Task details – Each line in the material below, starting at the one with "lacie drive desktop professionali" and ending at the one with "Alternate Image 1", is to be reproduced exactly; no picture is to be copied.
=== Extracted material ===
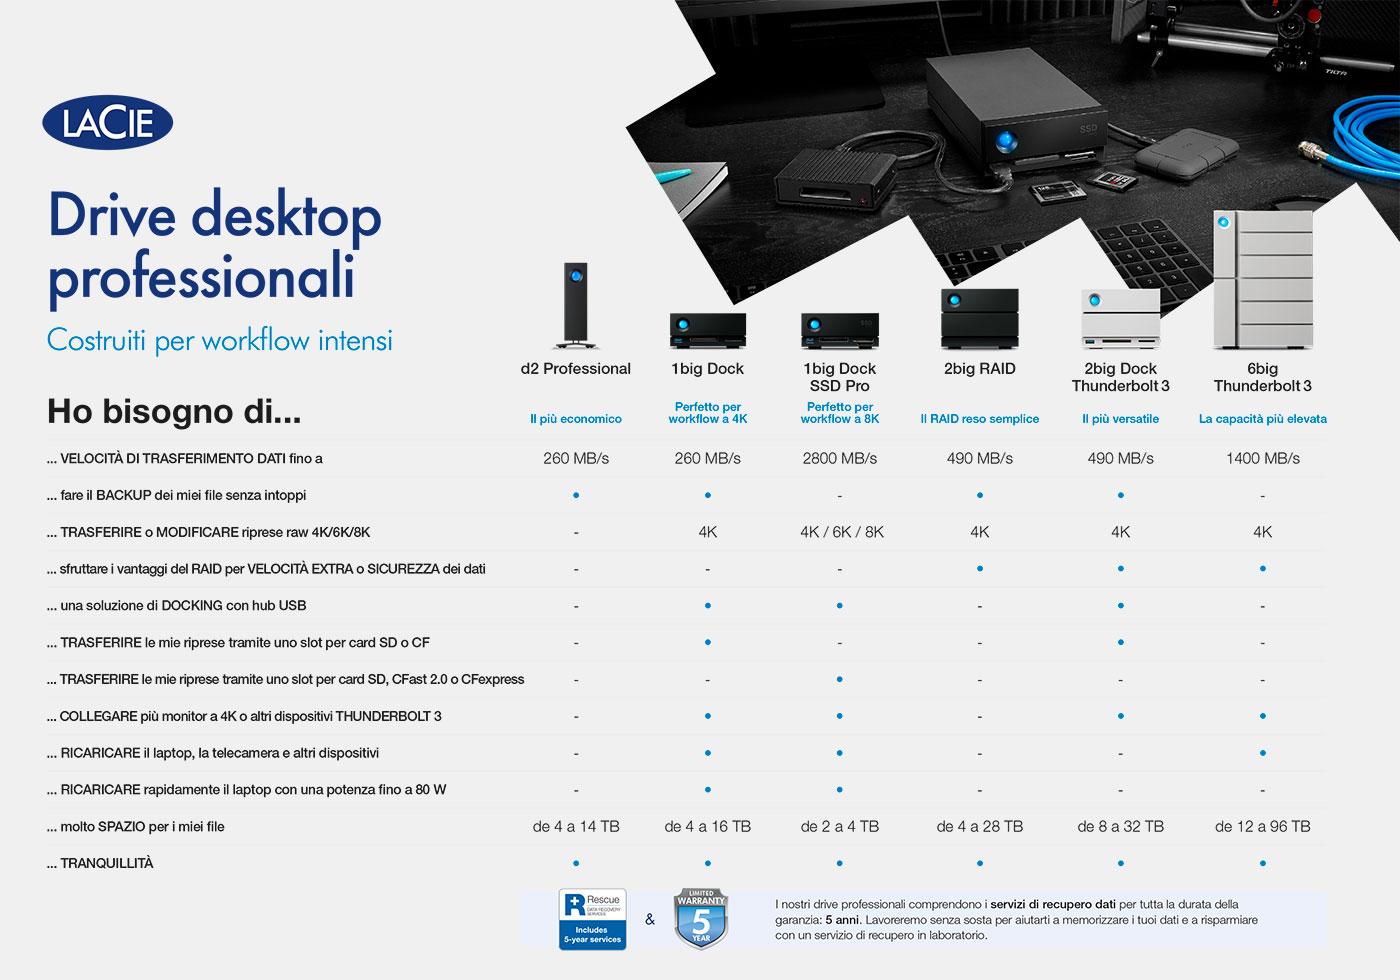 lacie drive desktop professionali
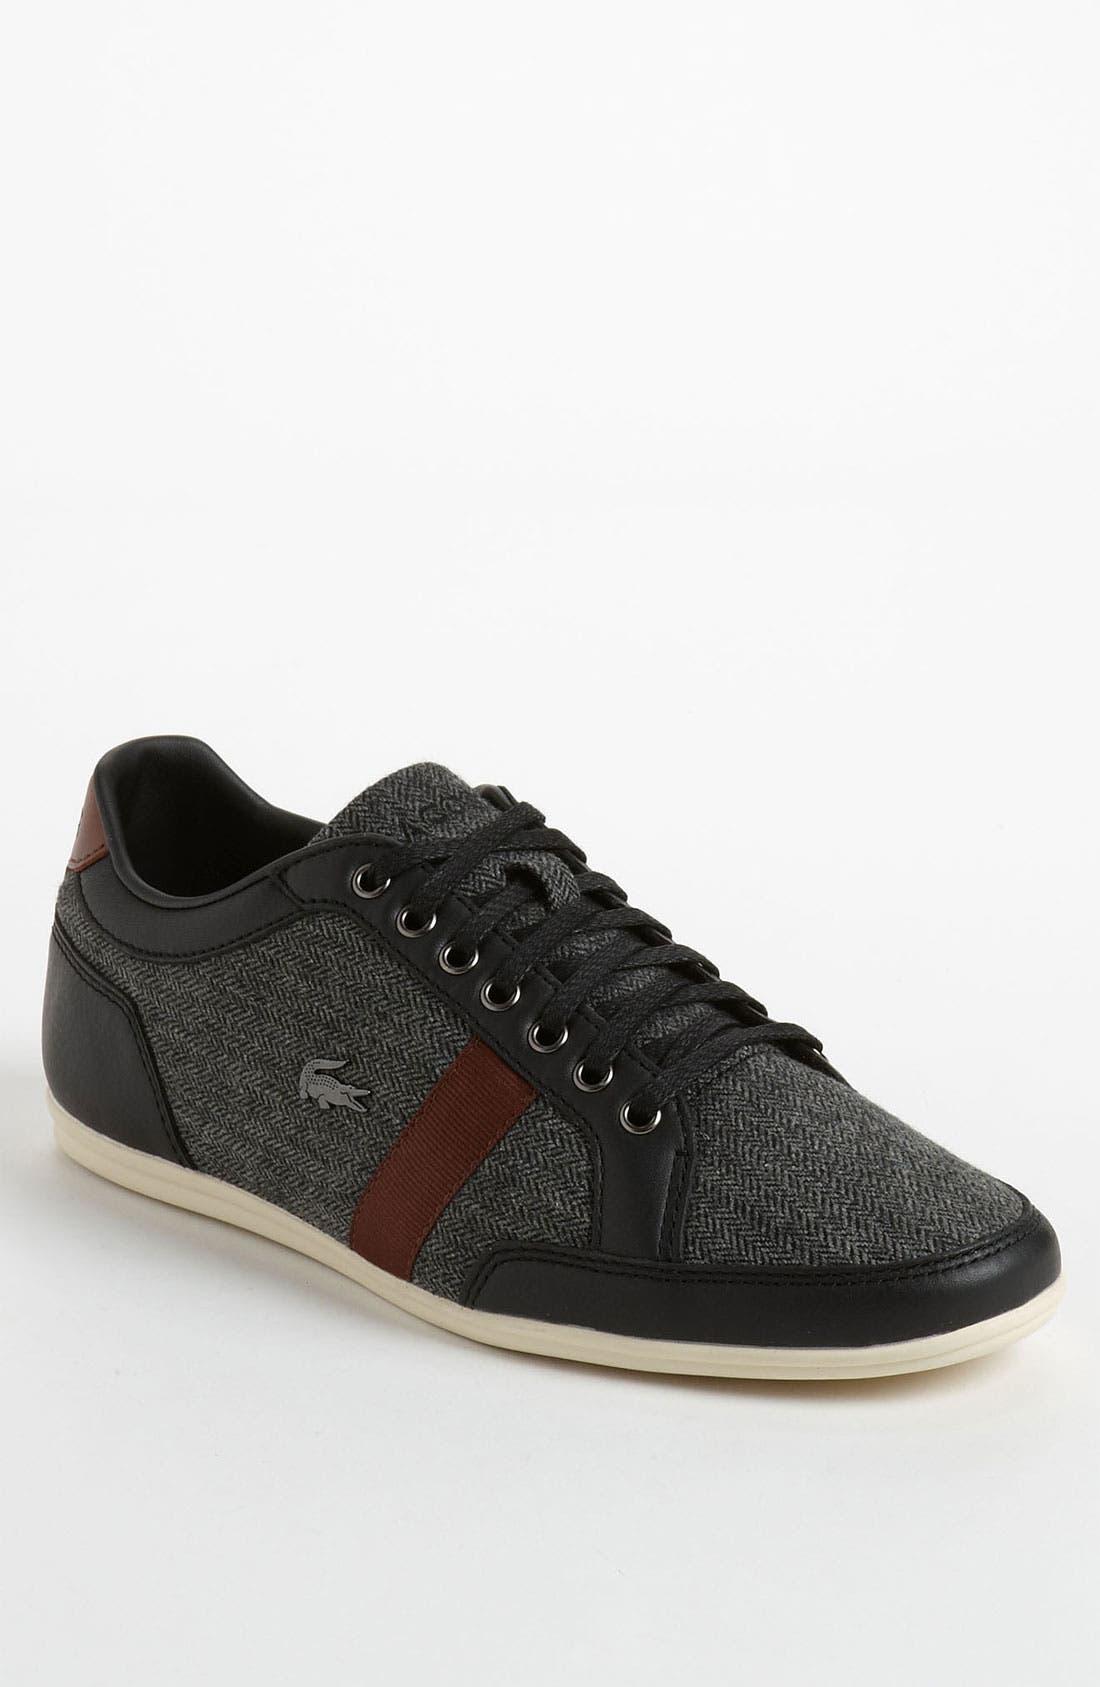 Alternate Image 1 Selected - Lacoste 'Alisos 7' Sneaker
===
=== Extracted material ===
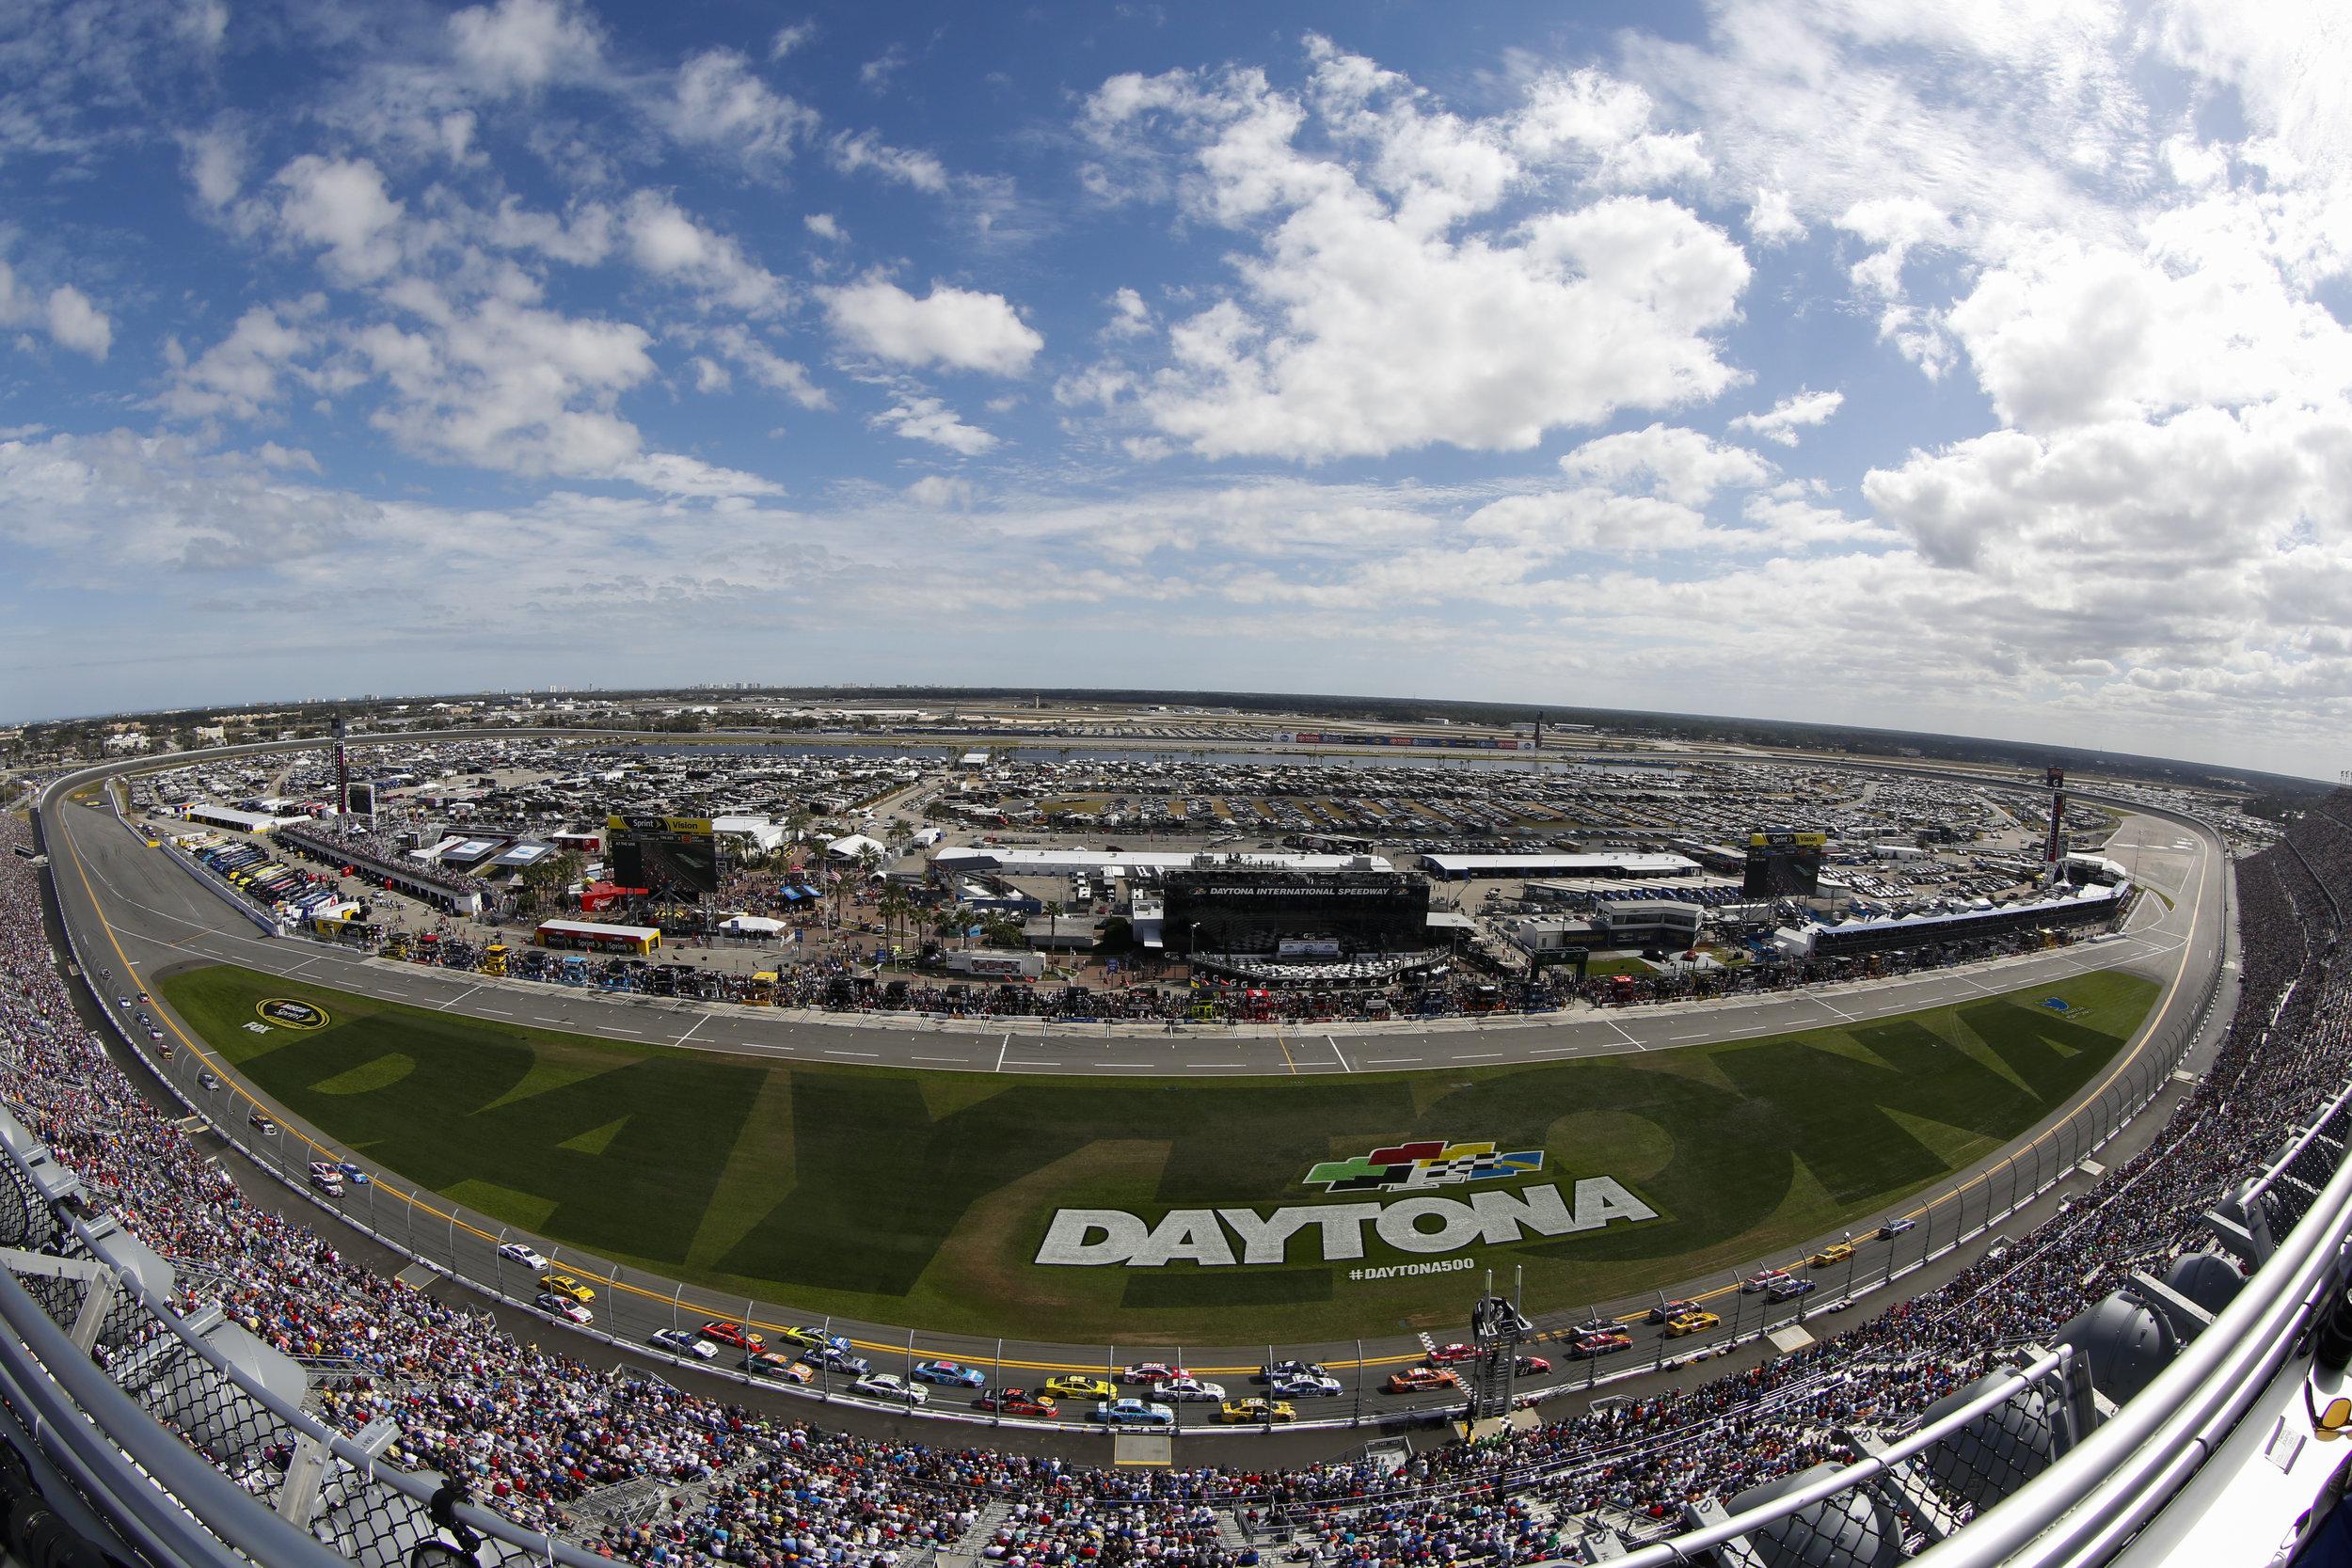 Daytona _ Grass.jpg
===
Expected answer –
 lacie drive desktop professionali
 Alternate Image 1 Selected - Lacoste 'Alisos 7' Sneaker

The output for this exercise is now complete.